With a matched _set_, Keith, you can do soooo much more.... lol!


----------



## riccol (Mar 22, 2016)

Away on trip over the weekend. But pcked up the Bosch 1617EVSPK yesterday. Hope to use it this afternoon.
What a great helful forum!
Thanks!


----------



## patlaw (Jan 4, 2010)

riccol said:


> Cannot post a pic till I have 10 posts, which is reasonable.
> I can foresee reading and using the forums here regularly to learn more.

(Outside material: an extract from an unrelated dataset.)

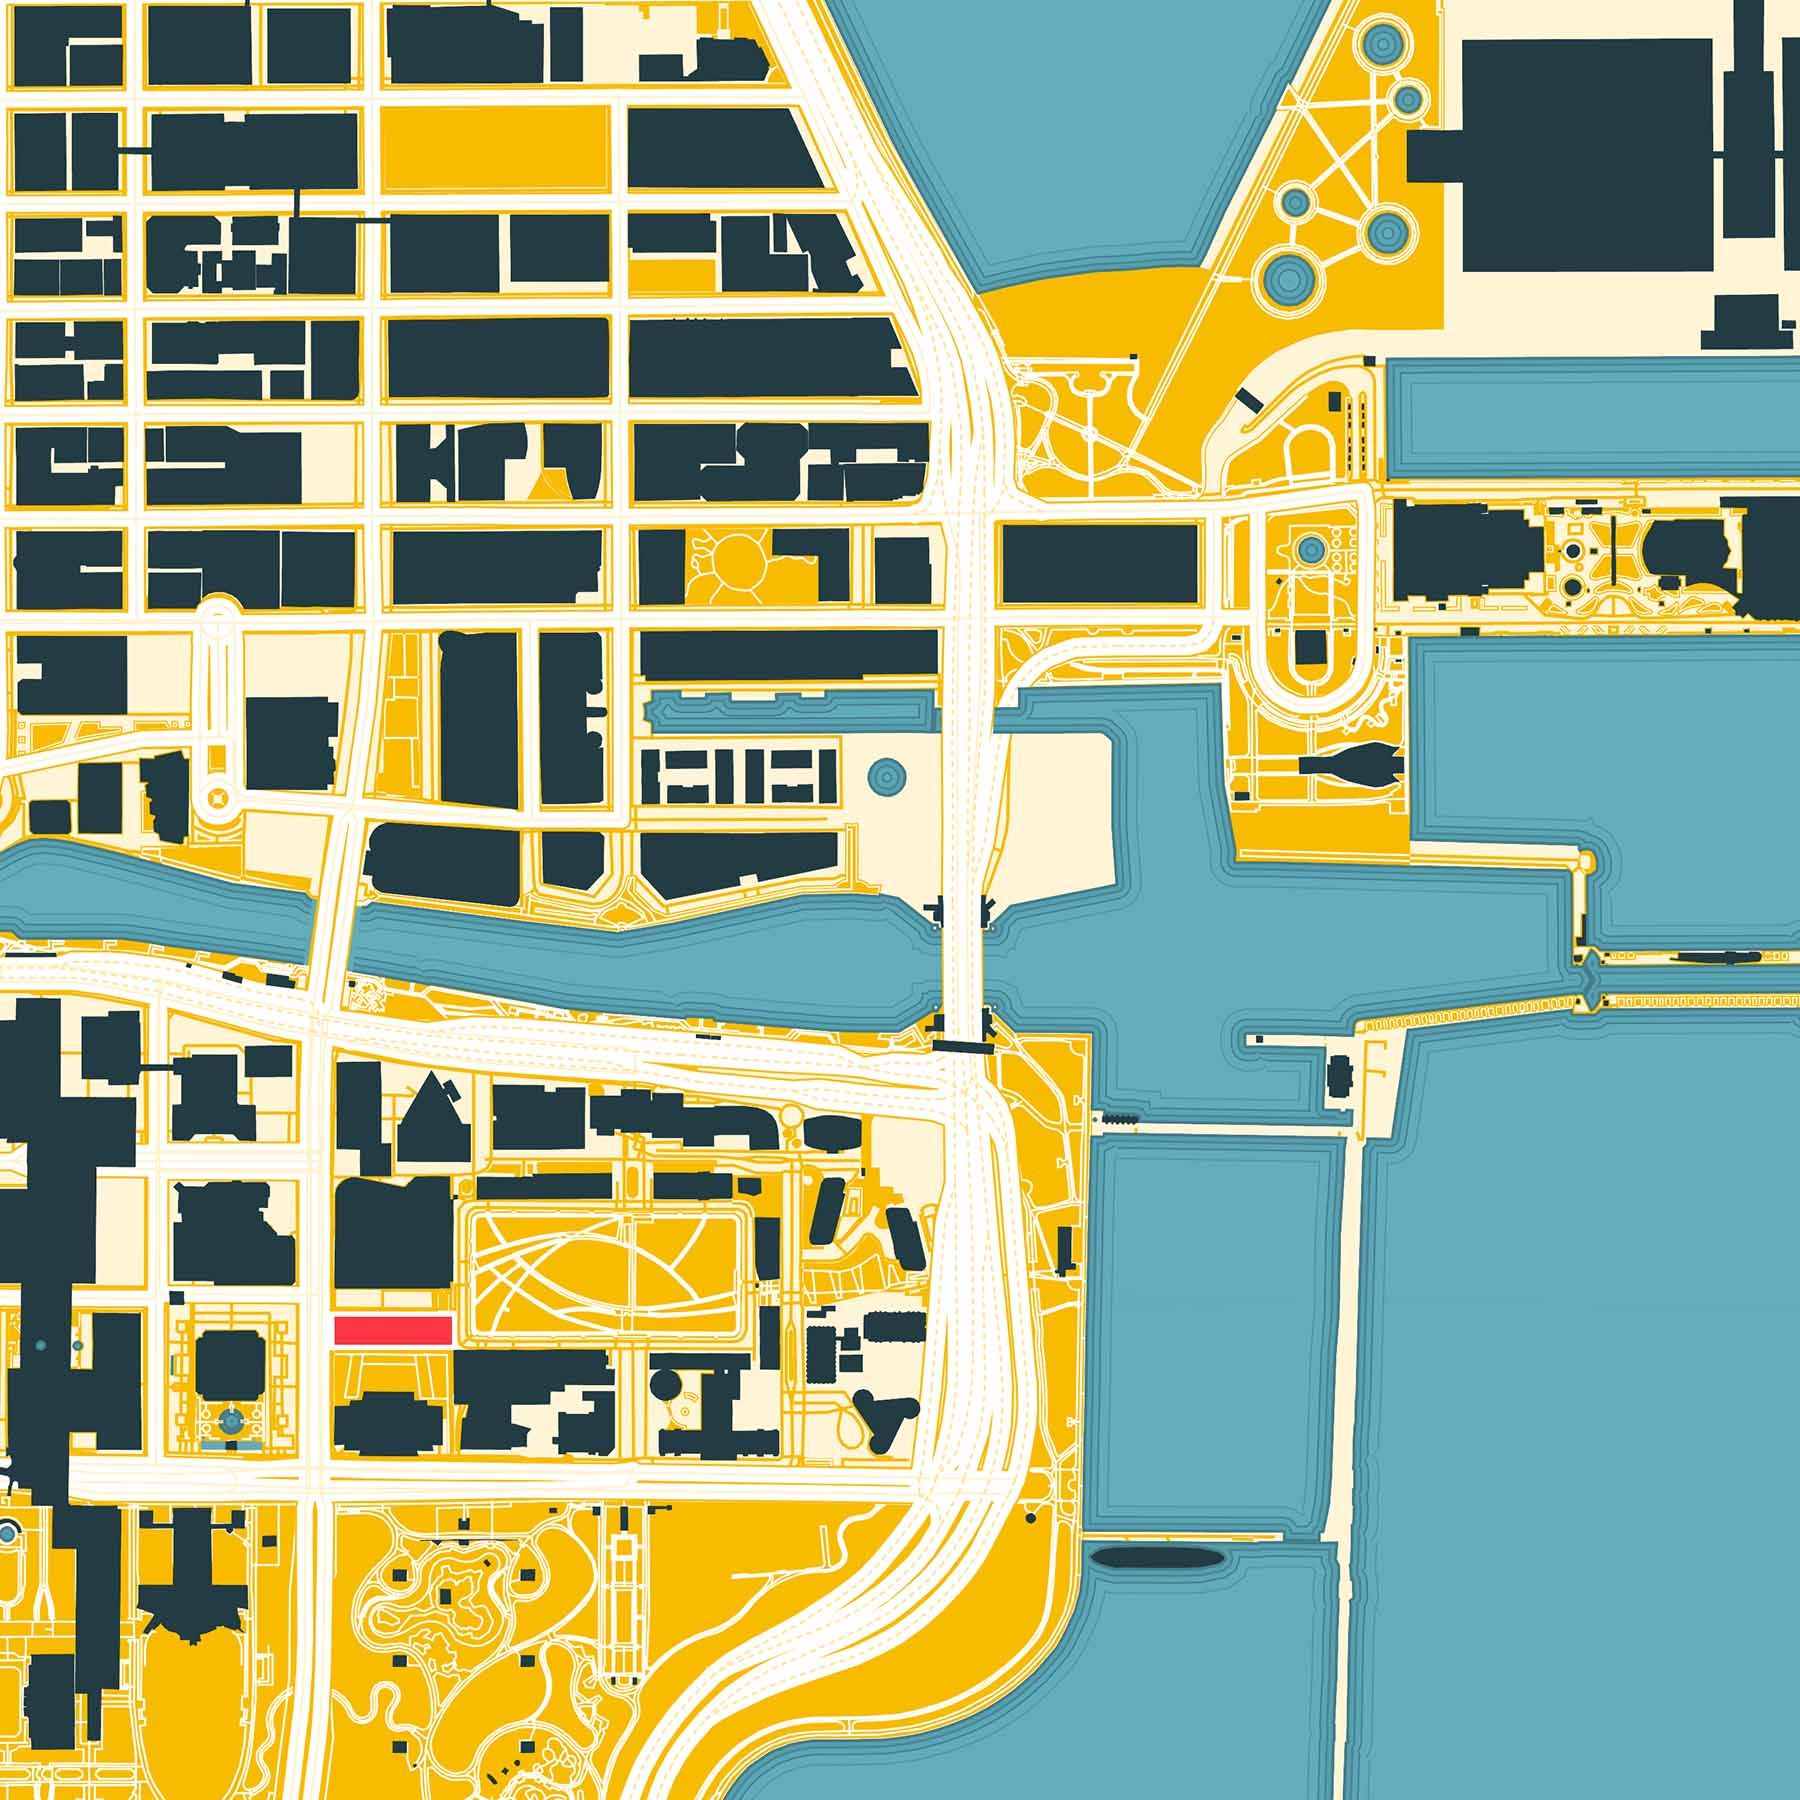 A top down map of the mouth of the Chicago river and the surrounding streets and buildings

In that case, please enter your first name in your profile, unless your first name is "N/A". :smile:


----------



## Cherryville Chuck (Sep 28, 2010)

Riccol you are able to post pictures as long as they are on your hard drive and not a picture sharing site. You aren't able to post links until you get to 10 posts. Join in, we're a friendly crowd here.


----------



## RainMan 2.0 (May 6, 2014)

Riccol I don't have any advice , but welcome to the forum. Congrats on the new router and good choice from what I've always heard


----------



## riccol (Mar 22, 2016)

Ok ok.... using my new router...COMPLETELY HOOKED!! When I turned it on and did my first smooth cut.... Suddenly I began to see visions .....of so many future projects!!! And possibly other routers..

Is this normal? Or some kind of strange addiction?


----------



## DaninVan (Jan 1, 2012)

Completely normal, Rick. But then so is cocaine in some circles...
Welcome to the 'addiction'! Good choice on the Bosch.
By the way, what's with this "possibly other routers"? There's no doubt about it; let us help you.


----------



## RainMan 2.0 (May 6, 2014)

No question it's an addiction, and you can't have enough routers or router tables for that matter .

Btw good name


----------



## DaninVan (Jan 1, 2012)

*Indeed*

Btw good name [/QUOTE]






:grin:


----------



## RainMan 2.0 (May 6, 2014)

DaninVan said:


> Btw good name







:grin:[/QUOTE]

Oh great , now I'll be hearing that in my sleep


----------



## riccol (Mar 22, 2016)

Oh! Do you use my cough drops? I'm working on a jig to rout them.


----------



## DaninVan (Jan 1, 2012)

Yeh! They actually work!! Well done, that Man!!!


----------